You may recall I talked recently about the swarm of Pheasants that stroll through the village of Glympton on the way home from London that triggered the delve into tongue twisters.
At first I was quite taken with all the baby and adult pheasants strolling across the road and duly slowed to a crawl to ensure that I did them no harm. Then just when you think you have safely passed all the danger you round the corner and have to re-slam the brakes as another family of pheasants decided to risk it all and hop in front of your car.
This routine of handbag flying off my car seat to save the pheasant has now too regular an occurrence to be described as cute.
I have noticed this week that their numbers are dwindling greatly and I see daily the evidence of their lack of road awareness. Yesterday, one looked me right in the eye while eating some feast they found on the road. When seeing my presence, it just shrugged and carried on with the meal.
Why are they not getting out of the way? How stubborn and stupid is this bird? Or is the fact that 90% of them are bred for being chased and shot at just giving them an air of “who cares – death wish it is?”
Some birds are among the smartest animals in the world.
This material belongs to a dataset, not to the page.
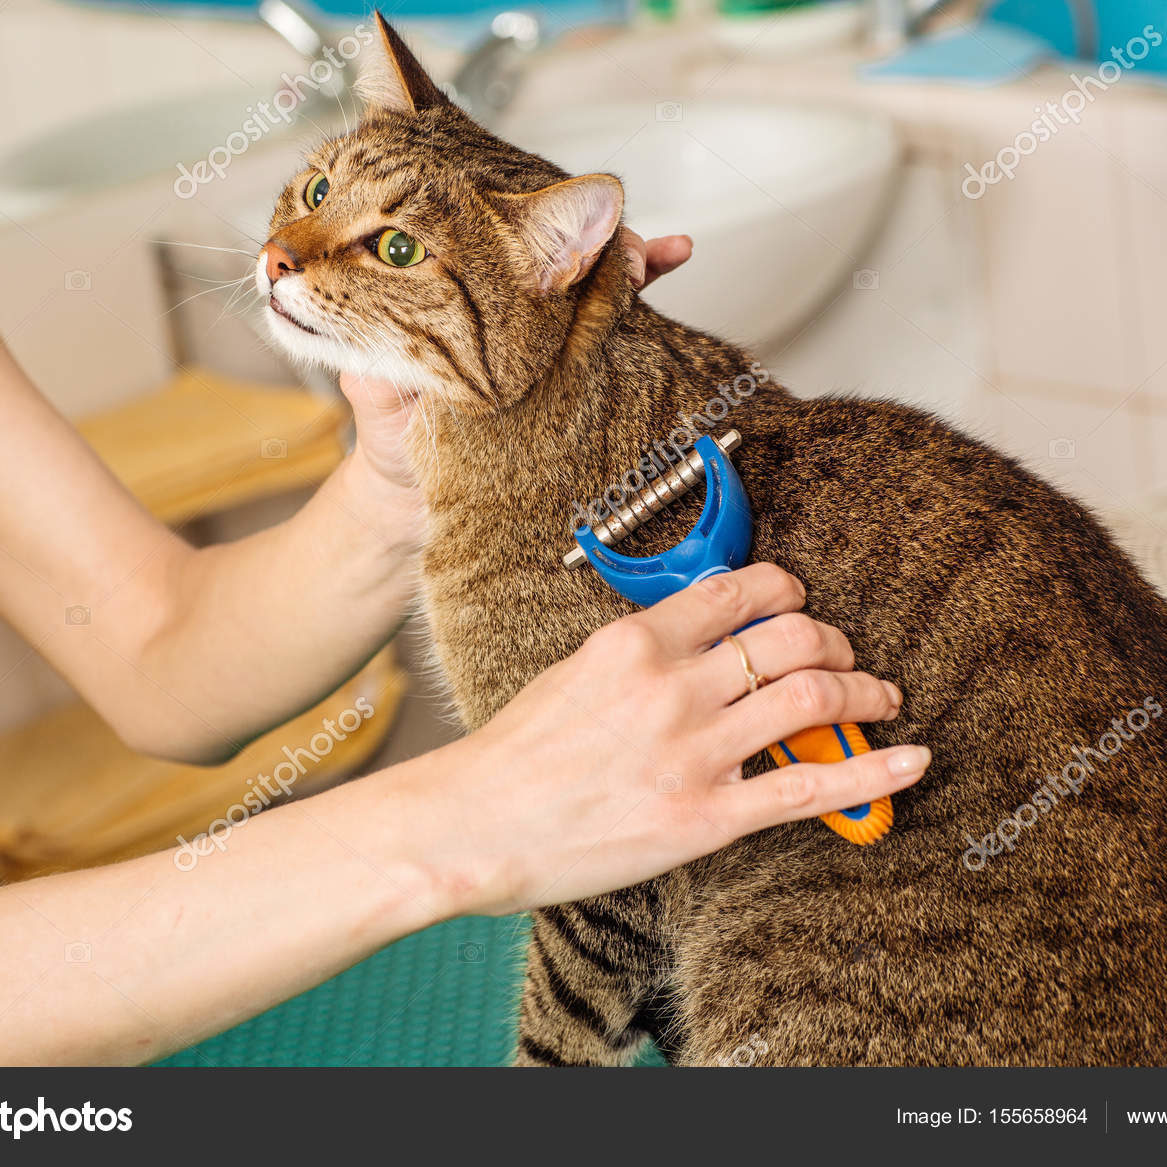 Grooming cat with tool for shedding hair. medicine, pet, animals, health care and people concept

The smartest of the smart are — parrots, crows, ravens, jackdaws, jays, nutcrackers, magpies.
Controlled studies and thousands of hours of observations in the wild show how remarkably advanced these birds are in their problem-solving skills.
The term ‘bird brain’ is often used as a derogatory term for a person of diminished intellect. Perhaps this is where the Pheasant comes in?
According to Dr. Joah Madden and his team the pheasants level of ability changes depending on where they have been raised. Much in a similar way that humans react to their environment while growing up.
Commonly pheasants are raised on open grass runs from 2 weeks of age. The team found when they provided a 3rd dimension of perches and off ground obstacles and the growing birds developed stronger legs and increased their spatial memory and awareness.
As a result, the pheasants were more likely go up into the trees to roost out of the way of danger. Consequently, they were less likely to be killed by predators both mammals and cars.
Perhaps I should all start doping raisins to save the pheasant from their inevitable fate on the Roads of Glympton much like Danny and his father in the wonderful Roald Dahl book Danny Champion of the World.
Until then, we will all continue to slam the brakes on to avoid the pheasant with the death wish that didn’t grow up with perches in their environment.